Reviewed and updated for accuracy on December 10, 2019, by Dr. Jennifer Coates, DVM
There’s enough to think about and keep track of when caring for a puppy—feeding, walking, training, housebreaking (and don’t forget playtime!)—that you might not give their teeth a whole lot of thought.
But in their first 8 months or so, puppies will develop two sets of teeth, and there’s more to caring for them than just making sure they don’t leave marks on your furniture legs.
Here’s all the information you need to know about those cute (and sharp!) little puppy teeth.
How Many Teeth Do Puppies Have?
In the beginning, none.
Like us, dogs are born toothless, but then puppies quickly develop a set of 28 “baby” teeth.
When Do Puppies Get Their Teeth?
“Puppy teeth erupt [emerge from the gums] starting at about 2 weeks of age, and are usually completely in by about 8-10 weeks old,” says Dr. Kris Bannon, DVM, FAVD, DAVDC, owner of Veterinary Dentistry and Oral Surgery of New Mexico.
The incisors often come in first, followed by the canine teeth and the premolars, although there can certainly be some normal variation between individuals.

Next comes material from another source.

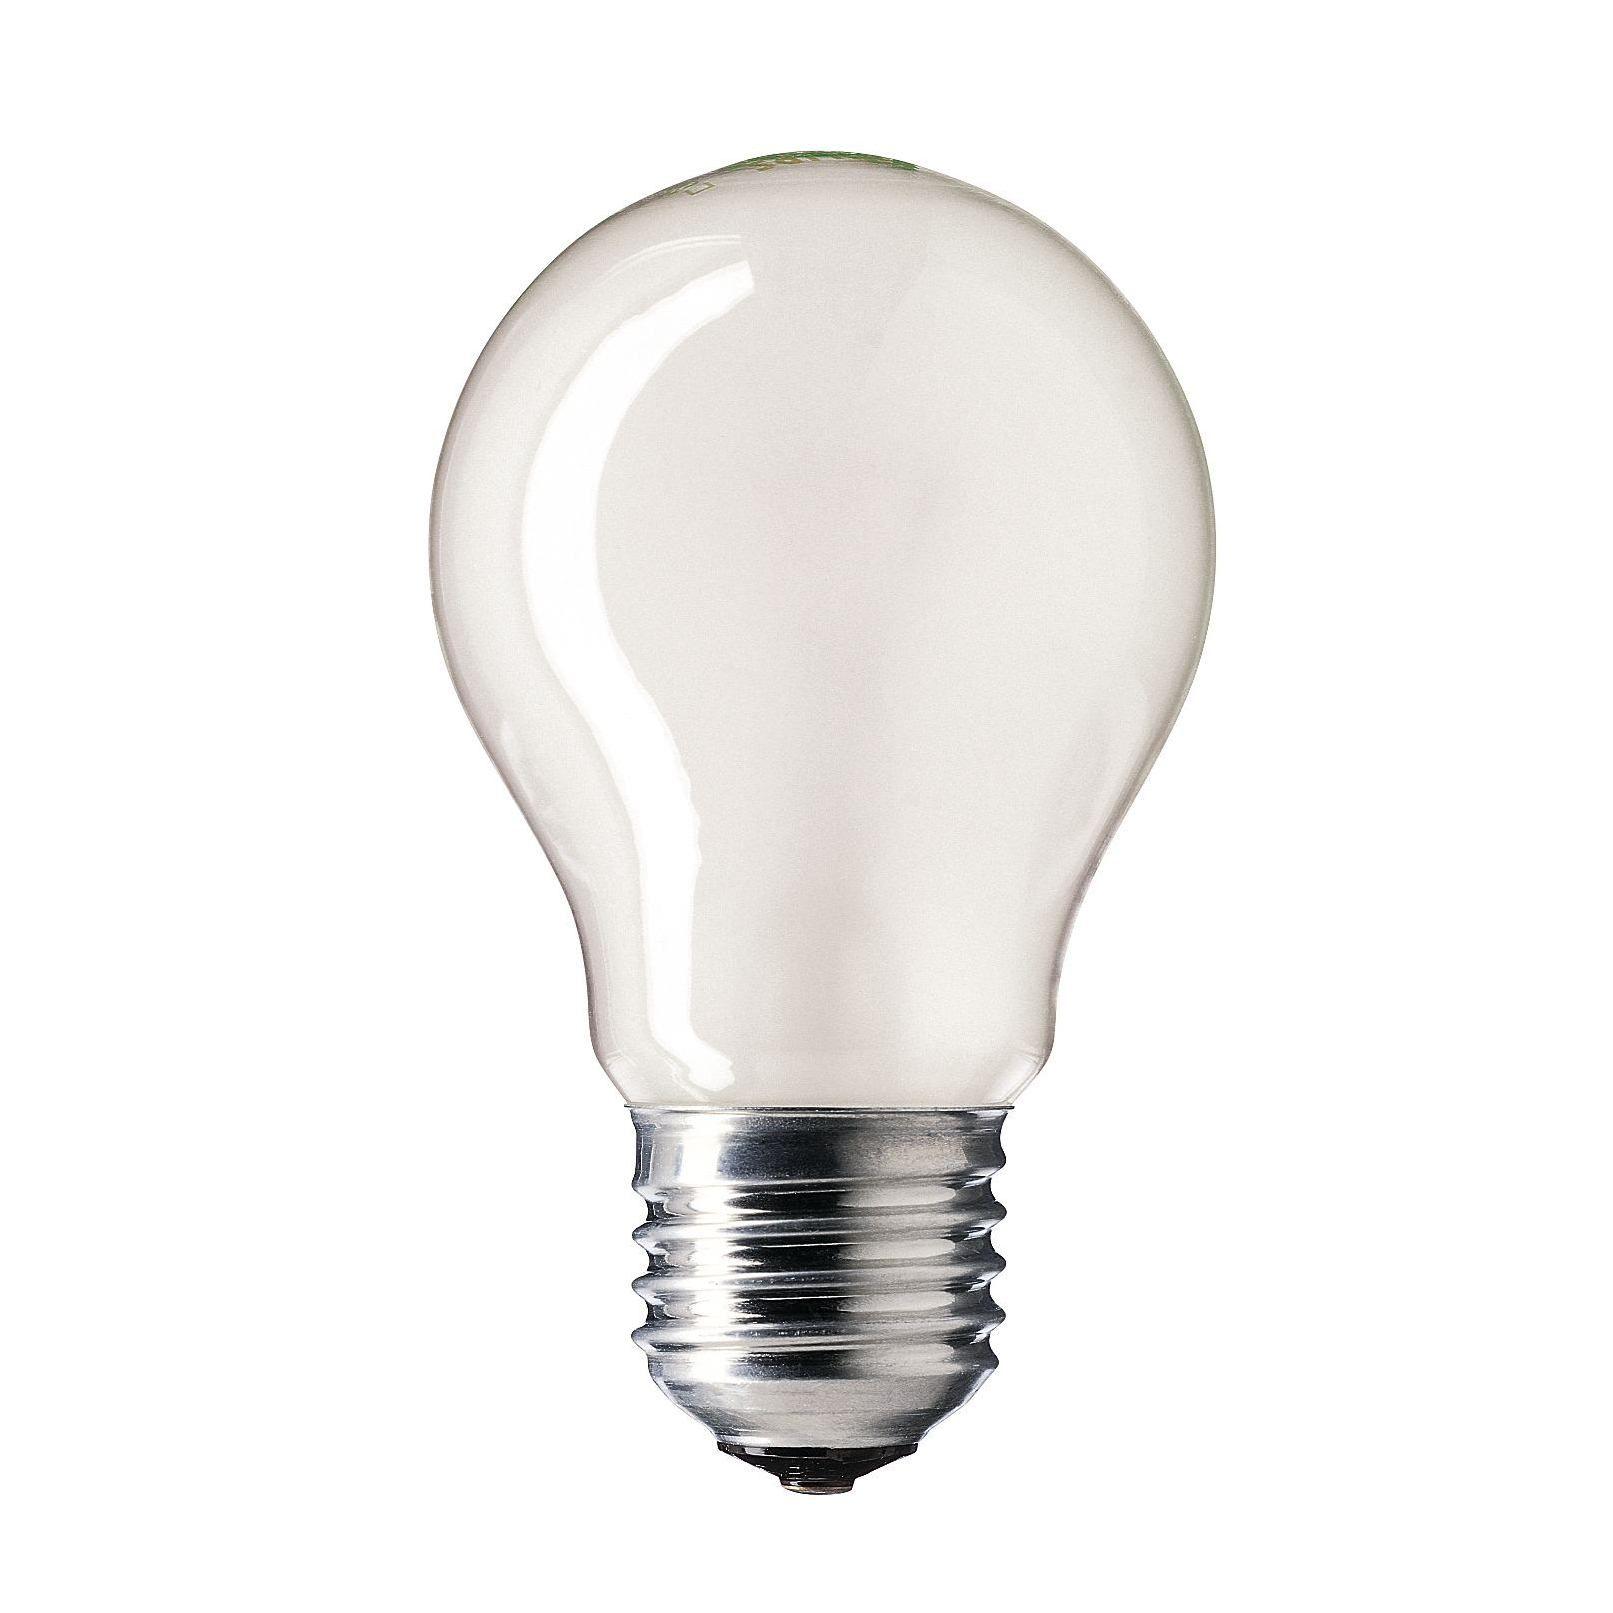 Купить Лампа накаливания Philips Stan 40W E27 230V A55 FR 1CT/12X10F матовая

When Do Puppies Lose Their Baby Teeth?
Puppies develop and lose this set of “baby” teeth just like humans do. These teeth, sometimes known as “milk teeth” or “needle teeth” and referred to as “deciduous teeth” by vets, eventually give way to permanent “adult” teeth.
“The first deciduous teeth are usually lost at about 4 months of age,” Dr. Bannon says. “The last of the baby teeth to fall out are usually the canines, and they are lost at about 6 months old.”
At What Age Do Puppies Get Their Permanent Teeth?
“The permanent teeth start to erupt as soon as the baby teeth start to fall out,” Dr. Bannon says.
Dr. Alexander Reiter, head of the Dentistry and Oral Surgery Service at the University of Pennsylvania School of Veterinary Medicine, says that the permanent teeth can start to appear at 2 months:
2-5 months: incisors
5-6 months: canine teeth
4-6 months: premolars
4-7 months: molars (these only come in as part of the permanent set)
By the time a dog is 7 or 8 months old, they should have all of their permanent teeth—a total of 42 adult teeth in all.
How Long Do Puppies Teethe?
Teething is a months-long process. It starts when puppies are around 2 weeks old and their first baby teeth start to come in and usually ends at around 8 months of age, when all the adult teeth are fully erupted.
During this time, puppies will need to chew on appropriate items to relieve the discomfort associated with teething.
The chewing during a puppy’s teething period is also a way for them to explore their environment and relieve boredom.
How to Care for a Teething Puppy
Dr. Reiter says that the discomfort of puppy teething is often overdramatized.
If your puppy is still engaging in normal activities like eating, drinking, socializing, grooming and exploring, then there isn’t really a problem.
If they aren’t doing some of these things, he says, and the pain or discomfort is affecting his quality of life, then your puppy may need to see the vet.
“There is not much for the owners to do during the transition,” Dr. Bannon says. “The best thing is for the owners to supply good, safe chews so that the dog can teethe on appropriate items.”
Look for puppy teething toys that are soft and flexible and bend easily in your hand. “If it is too hard to bend, flex or break, it is too hard to give to the puppy,” Dr. Bannon says.
What to Do When a Puppy Starts Losing Teeth
Both Dr. Bannon and Dr. Reiter recommend letting the baby teeth fall out on their own, and advise against trying to pull loose teeth out.
The teeth have very long roots, Dr. Bannon says, and pulling a tooth can break a root, leaving part behind and leading to an infection.
However, something does need to be done in cases of retained deciduous teeth, where the permanent tooth is coming up in the same space that a baby tooth is still occupying.
“If the (baby) tooth remains in place while the adult tooth is coming in, this causes a disruption in the location of the adult tooth, causing an occlusion problem (a bad bite),” Dr. Bannon says.
“We also see periodontal disease which occurs very quickly when there is crowding,” says Dr. Bannon.
When a retained deciduous tooth is present, you should schedule an appointment with your veterinarian to have the baby tooth removed.
How to Take Care of Puppy Teeth
Dr. Reiter recommends getting your puppy used to you touching his mouth early on. “Raise their lips and touch their gums and teeth in a slow, playful way,” he says.
This will not only make it easier for you to introduce a dental care regimen and recognize any oddities or problems with their teeth or mouths, it’ll also prime your pup for their veterinarian’s oral examinations.